Advices of a doctor of a otoneurologist also concern such actions of patients suffering from persistent dizziness: 

  • Try to limit movement in open spaces, avoid crowding people, mass events.
  • Choose the most convenient position for a horizontal position.
  • In the morning hours or at any rise from the bed try to rise sideways, avoid sudden movements.
  • It is not recommended to drive vehicles independently.

The most important advice is this - when you display anxious symptoms from the vestibular system, you need to get to the doctor as early as possible for timely diagnosis and obtaining effective care.
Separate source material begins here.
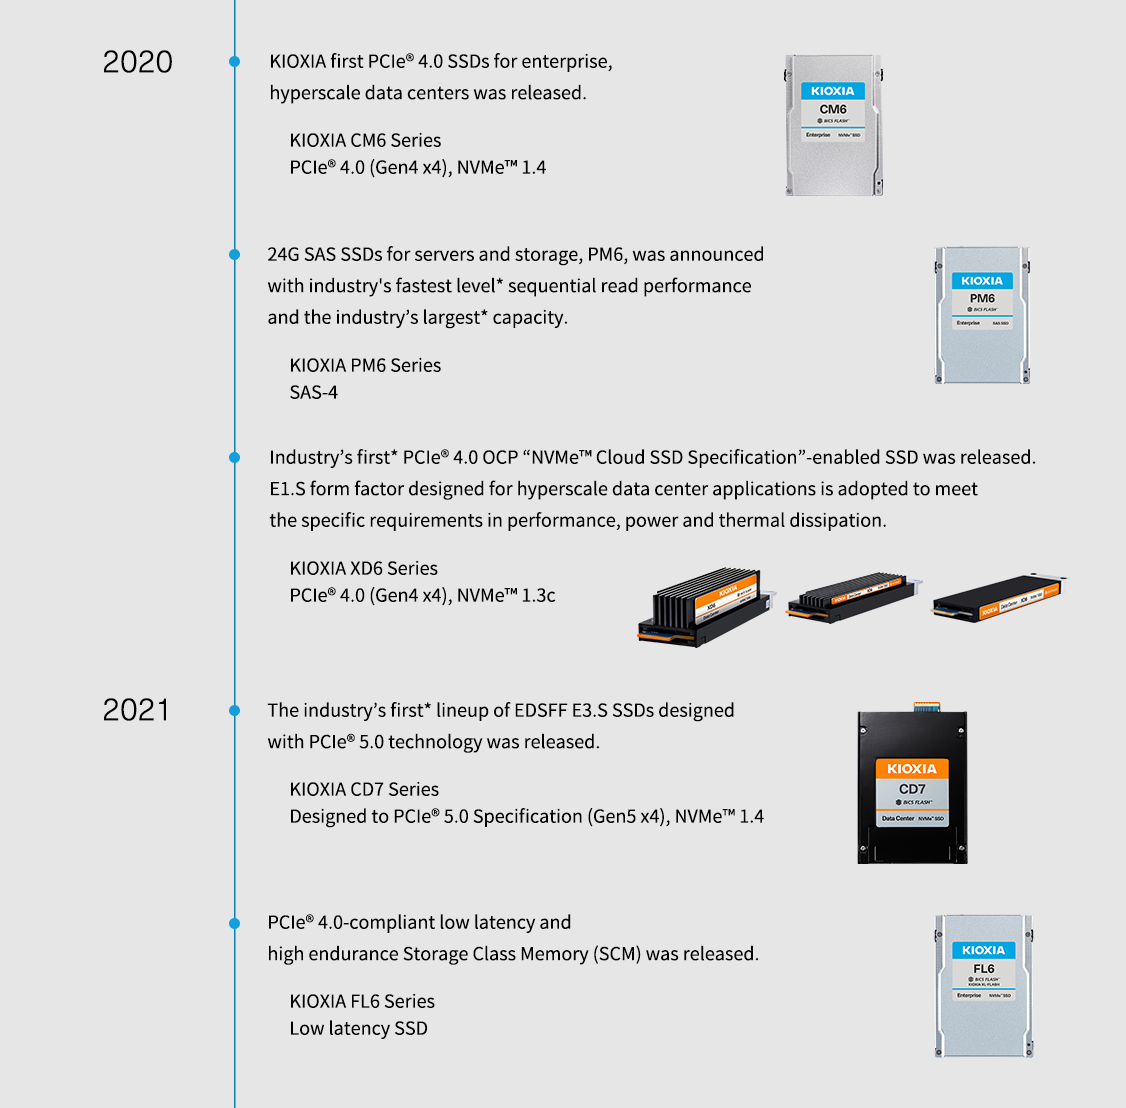 2020. Κυκλοφόρησαν οι πρώτοι δίσκοι PCIe® 4.0 SSD της KIOXIA για επιχειρήσεις και κέντρα δεδομένων υπερκλίμακας. Σειρά KIOXIA CM6 PCIe® 4.0 (Gen4 x4), NVMe™ 1.4. Οι δίσκοι 24G SAS SSD για διακομιστές και αποθήκευση, PM6, ανακοινώθηκαν με το ταχύτερο επίπεδο* απόδοσης διαδοχικής ανάγνωσης του κλάδου και τη μεγαλύτερη* χωρητικότητα του κλάδου. Σειρά KIOXIA PM6 SAS-4. Κυκλοφόρησε ο πρώτος* δίσκος SSD με δυνατότητα υποστήριξης PCIe ® 4.0 OCP «NVMe™ Cloud Specification SSD». Ο συντελεστής μορφής E1.S που έχει σχεδιαστεί για εφαρμογές κέντρου δεδομένων υπερκλίμακας υιοθετείται για να πληροί τις ειδικές απαιτήσεις στην απόδοση, την ισχύ και τη θερμική διάχυση. Σειρά KIOXIA XD6 PCIe® 4.0 (Gen4 x4), NVMe™ 1.3c. 2021. Κυκλοφόρησε η πρώτη* σειρά EDSFF E3.S SSD στον κλάδο που σχεδιάστηκε με τεχνολογία PCIe® 5.0. Σειρά KIOXIA CD7 σχεδιασμένη για την προδιαγραφή PCIe® 5.0 (Gen5 x4), NVMe™ 1.4. Κυκλοφόρησε μνήμη κατηγορίας αποθήκευσης (SCM) χαμηλής καθυστέρησης και υψηλής αντοχής, συμβατή με PCIe® 4.0. Σειρά KIOXIA FL6 Χαμηλή καθυστέρηση SSD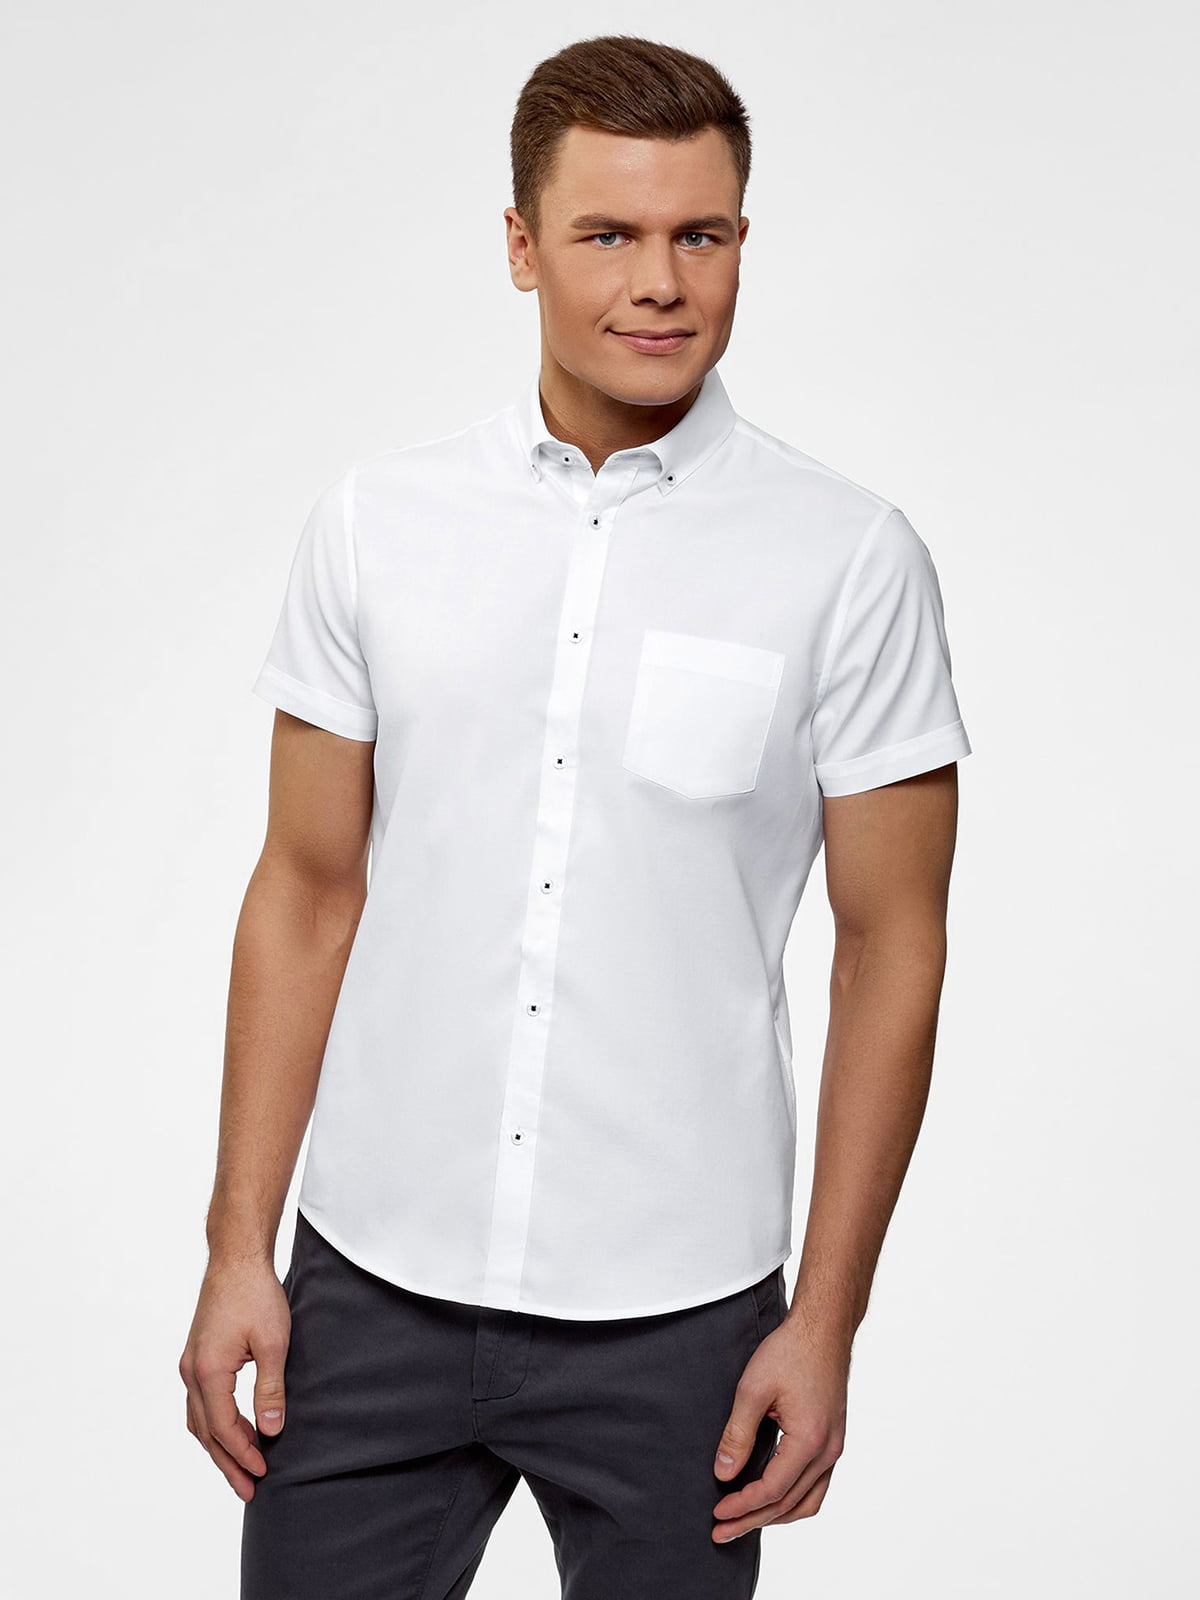 Купить белую рубашку с коротким рукавом. Рубашка. Рубашка мужская. Белая рубашка. Белая рубашка с коротким рукавом.

Otonevrolog at the present time is a rather rare specialty, in this specific medical direction there are still a lot of unresolved and controversial topics, questions. Similar problems are caused by the relatively recent history of the development of otoneurology as a separate specialization, and the absence in the hospital institutions of the necessary equipment designed to accurately diagnose violations of the vestibular apparatus. Nevertheless, every year narrow specialists engaged in vestibular and auditory dysfunctions are becoming more and more sophisticated methods of examining and treating patients. This gives us hope that very soon every polyclinic will have its own surdologist and otoneurologist office, where every person suffering from dizziness, violation of coordination of movements and other diseases connected with problems of the inner ear and central nervous system will be able to apply.

trusted-source

Translation Disclaimer: For the convenience of users of the iLive portal this article has been translated into the current language, but has not yet been verified by a native speaker who has the necessary qualifications for this. In this regard, we warn you that the translation of this article may be incorrect, may contain lexical, syntactic and grammatical errors.